I stopped by the first tree in the park for a moment and sat down with knees drawn up a bit and my backpack on the right side of me and my CD player in my left hand. I looked directly up, ninety degrees, and noticed a spider descending from its web of tiny silk…or maybe it was a copper wire, I’m not completely sure. A spider has eight legs. Funny this one only had seven; it was missing one on its left side. This spider was not symmetrical, and for some reason that made me scratch my head with the index and middle finger of my right hand; two fingers.

Then the craziest thing came like a flash of lightning, SHOCK, it struck me so hard I forgot everything I had been counting that day, on the second day of the third month of…screw it. The spider defied all logic, unraveled everything apart within my mind like the copper and plastic wires which bound it.

I remember later I walked down that beaten road to the rusted bridge and saw a ship sinking slowly in the distance, its hull torn open spilling black blood oil into the river. That ship was flaming like so many red, green, and blue fireworks that day, but it doesn’t matter. My breathing got heavier and I may have blacked out.

The spider was no longer a spider, but a spark. It was a pulse moving faster down the spiral, blinking some Morse code signal like I had never seen before, bright white light. The radio towers used to do it when all other electricity ceased one night in our town several years ago (and I don’t remember what year).

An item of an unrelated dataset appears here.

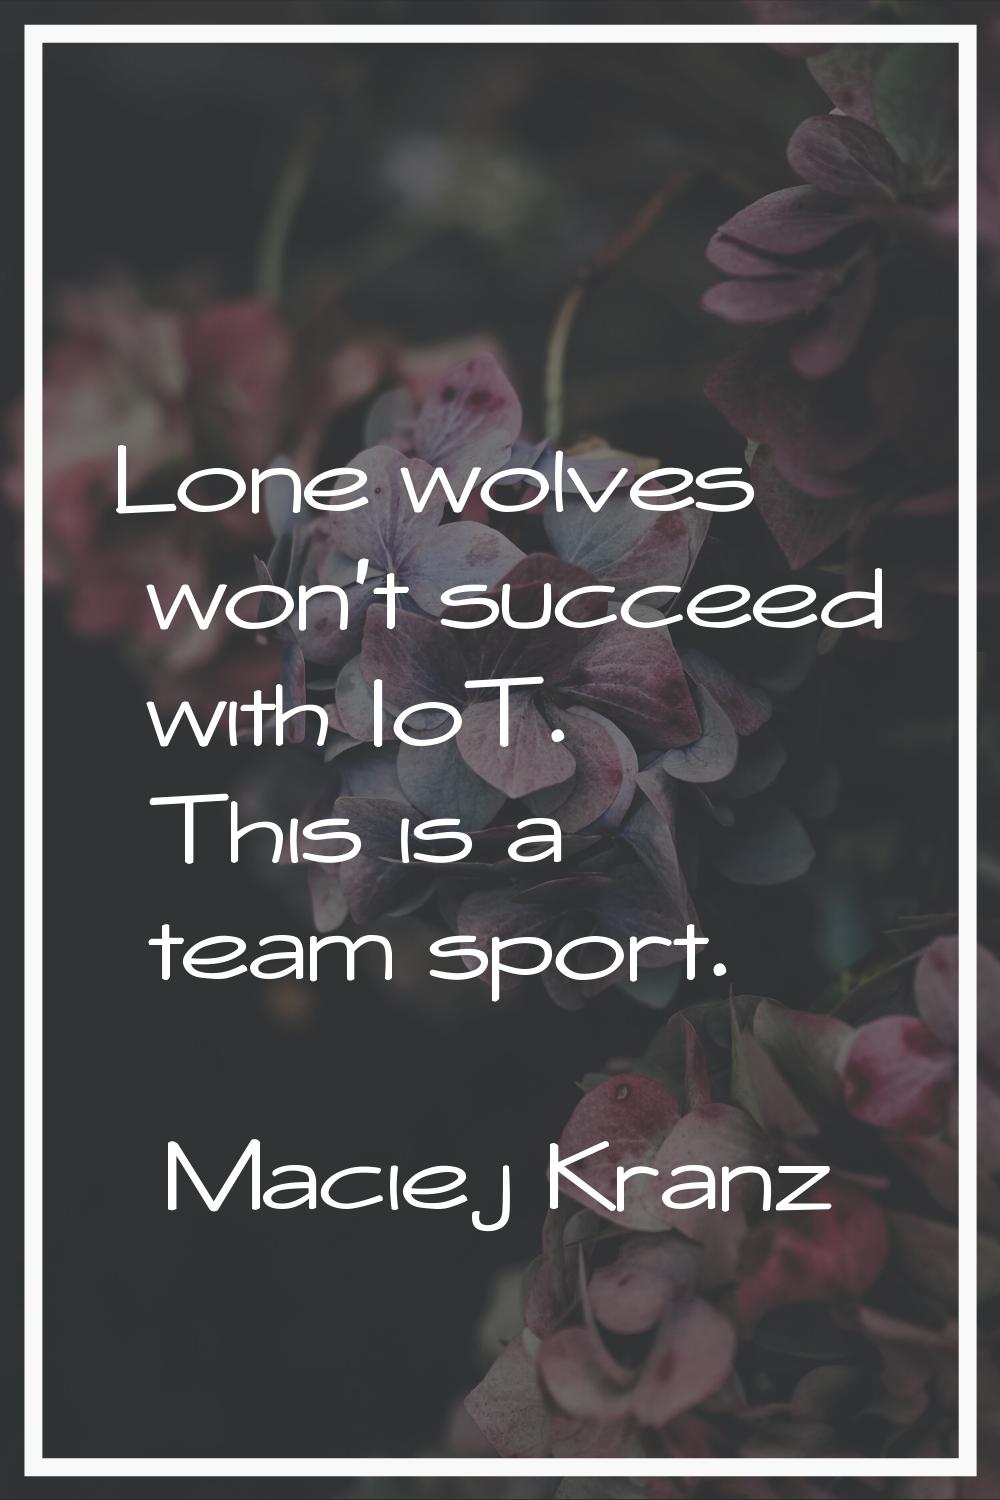 Lone wolves won't succeed with IoT. This is a team sport.

What I do know is that all computers in the world at some point were flung into oceans, dropped like dead flies. Just like that, and the water became electrified somehow. We had to re-learn everything we had known starting from scratch. The old wooden counting racks with tiny beads: one, two, three, four, five. Fingers, you have five on each hand, ears, you have two unless you live in the Zone. Eyes, you have two unless you were blinded by the World Government for certain crimes.

I don’t remember much about that certain rainy day spent in Silence, but I find it evermore ironic that we have nothing better to do but keep counting. Soon it could be the volume in decibels, how sharp the brightness and contrast of your vision is. Hell, they already ask you “one or two?” for that. I’ve been told my vision is at least two points off in all sectors, but they could always be wrong.

When did man ever feed himself into a machine? We are told we have no ancestors, no one birthed us. So far it has been this way for three generations. We live in this crippled, tiny city with downed power lines stretching their wooden trunks across some streets and blocking traffic. Kids carve obscenities in them sometimes to remind the Government that there will always be rebellion, but no one dare go against the agents. Maybe they feel like its cutting into skin, but wood doesn’t bleed. Not like that ship I watched sinking, and not red. But the lighter color underneath reminds me of the sun, anyway.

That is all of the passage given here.